Niket Ranjan
I am a passionate DevOps Engineer currently working at Red Hat as an Associate Software Maintenance Engineer. With two years of experience, I specialize in Linux kernel maintenance, cloud infrastructure, and automation. My expertise includes hybrid cloud management (AWS, Terraform), containerization (Docker, Kubernetes, Podman), CI/CD pipelines (Jenkins, GitHub Actions, GitLab, ArgoCD), and monitoring tools (Prometheus, Grafana, ELK, Loki).
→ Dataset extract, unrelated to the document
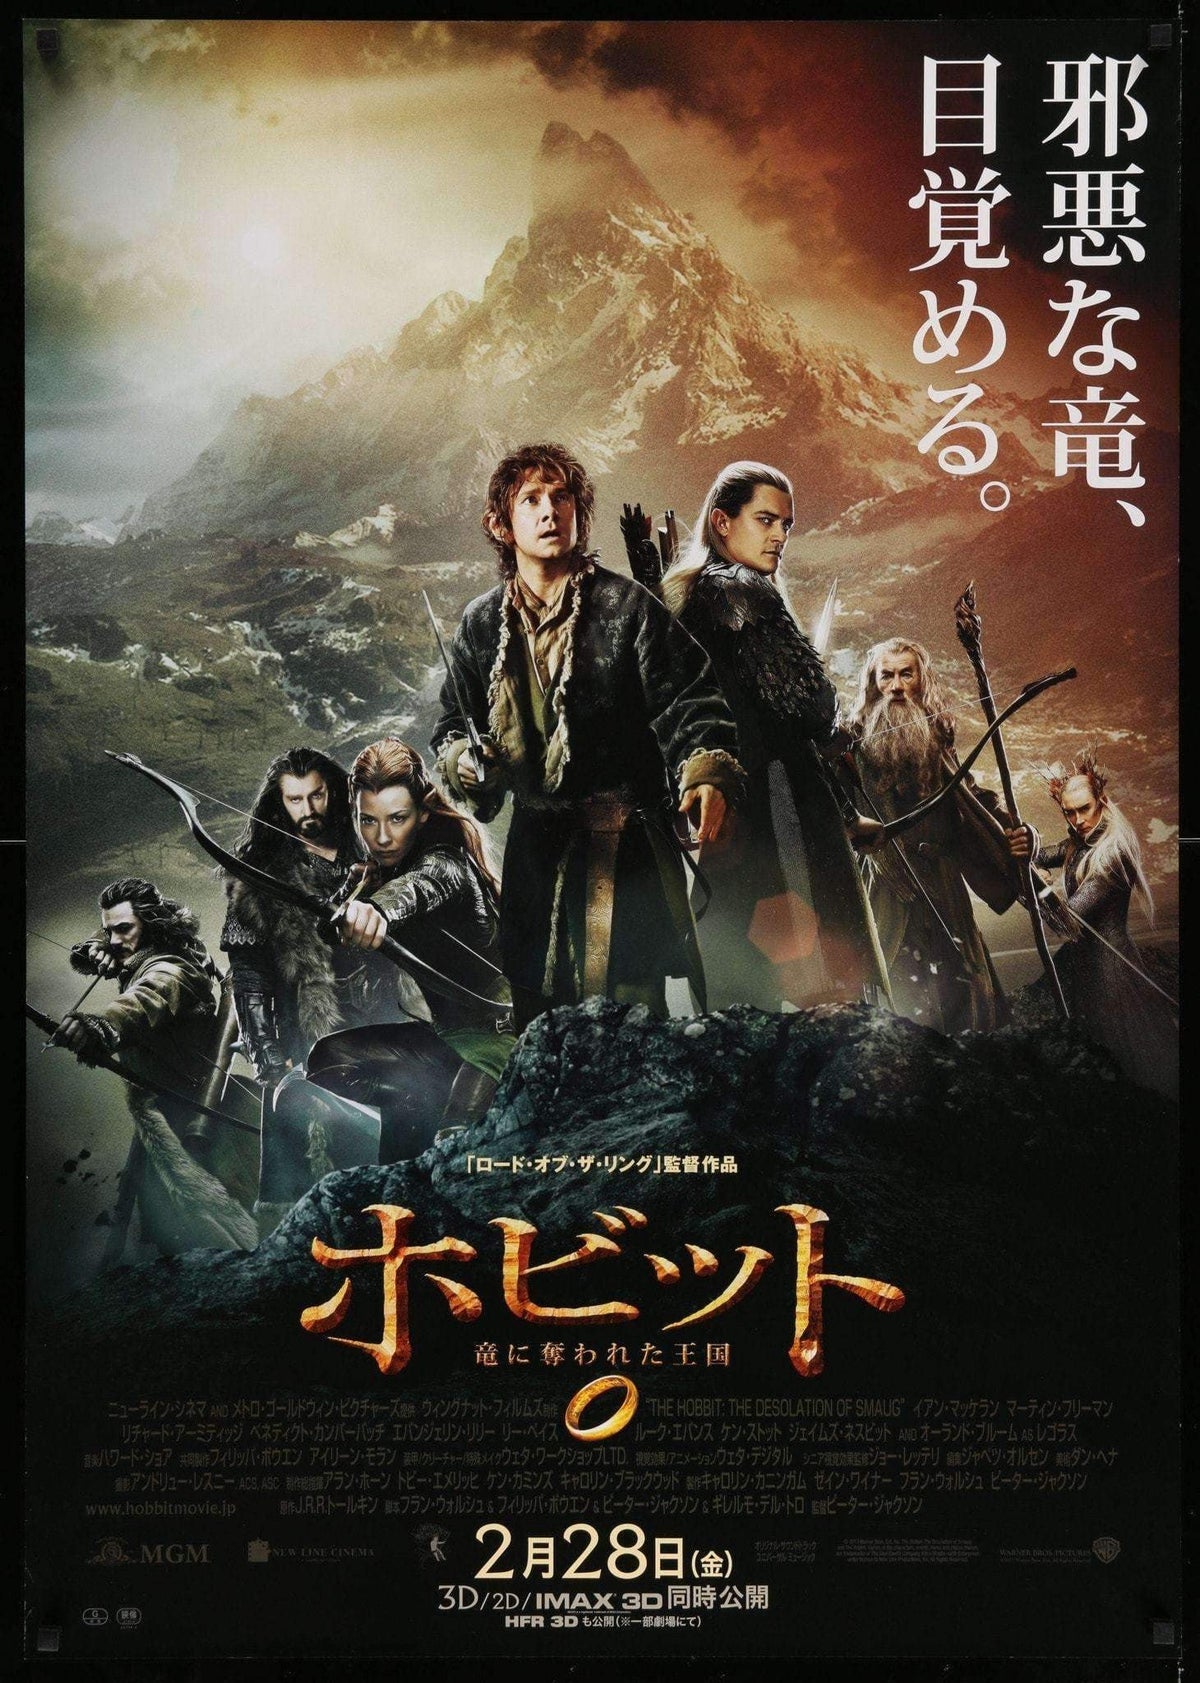 Hobbit: The Desolation of Smaug (2013) original movie poster for sale at Original Film Art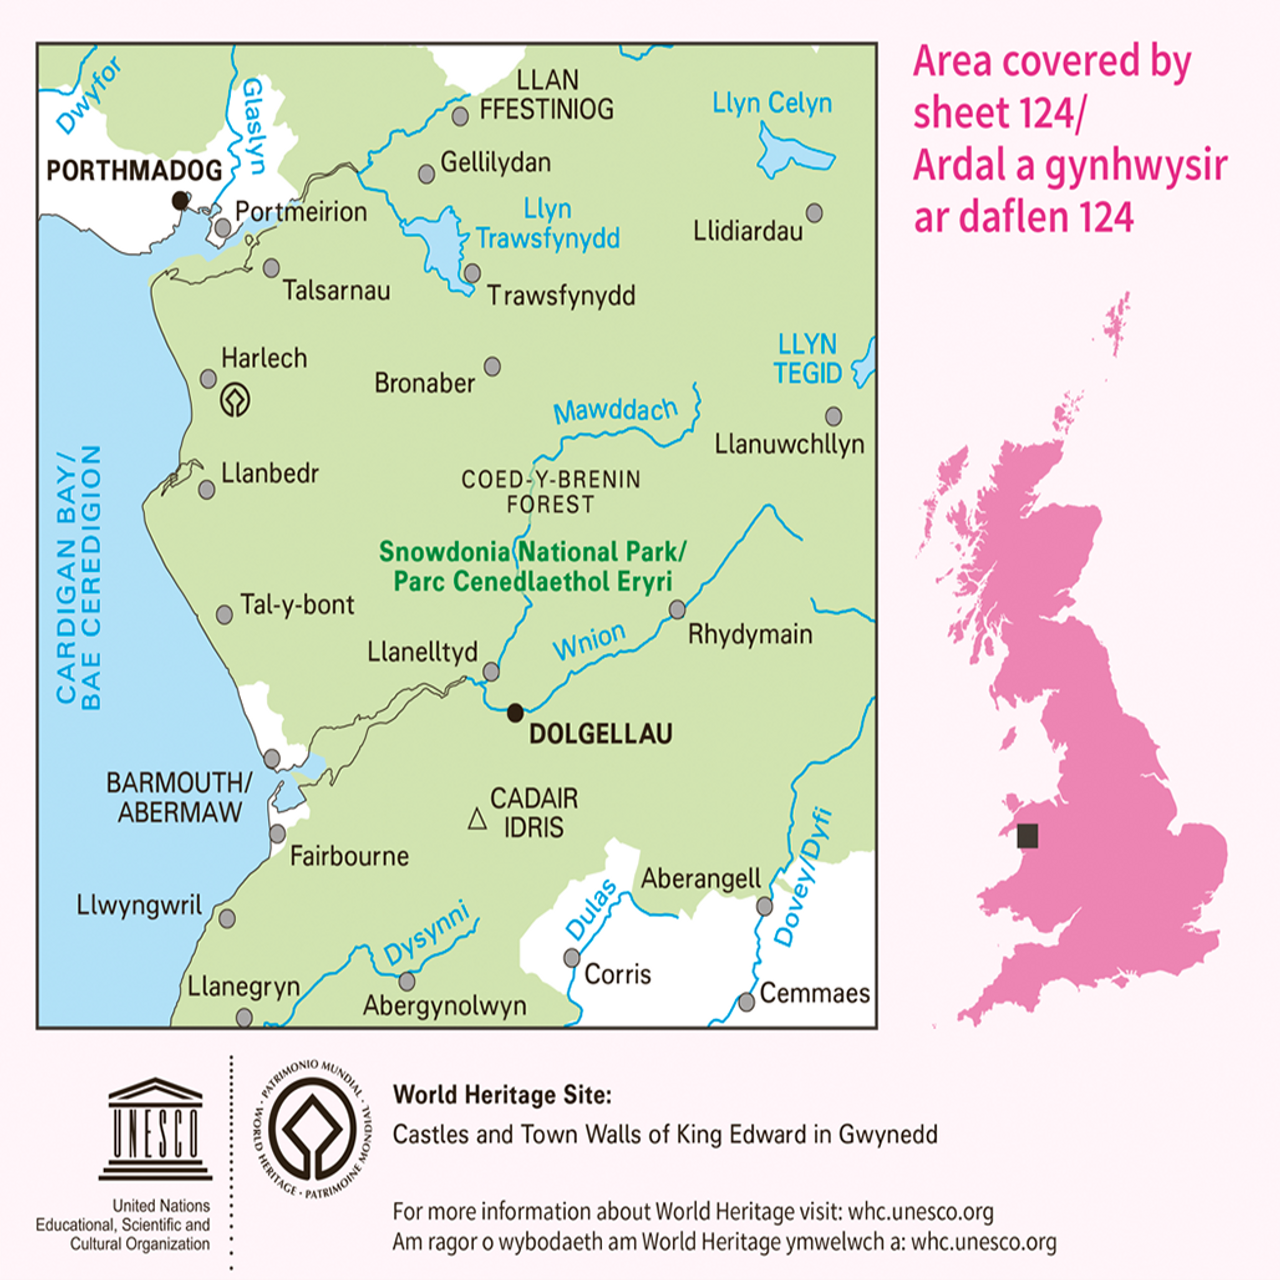 Landranger Map Wales 1:50.000 - Wanderkarten

At Red Hat, I focus on maintaining and optimizing Red Hat Enterprise Linux (RHEL) by backporting critical CVE patches, managing kernel builds, troubleshooting complex kernel issues, and optimizing CI/CD workflows. My previous experience includes working on performance engineering and automating infrastructure using Ansible and AWS.
Red Hat
Job title –Associate Software Maintenance Engineer
Session
Deploying AI/ML models in production involves more than just training—it's about building scalable, secure, and automated pipelines. This talk focuses on how AIOps can enable production-grade deployment of ML workflows using cloud-native tools. We’ll walk through an end-to-end architecture built on GitLab CI/CD, Terraform, GKE, and FastAPI, showcasing how to automate infrastructure, containerize applications, and monitor deployed models.
As a use case, we’ll demonstrate deploying a self-hosted LLM for intelligent Q&A over internal documents using RAG. The focus will be on infrastructure, automation, and best practices for taking any AI workload—from concept to production.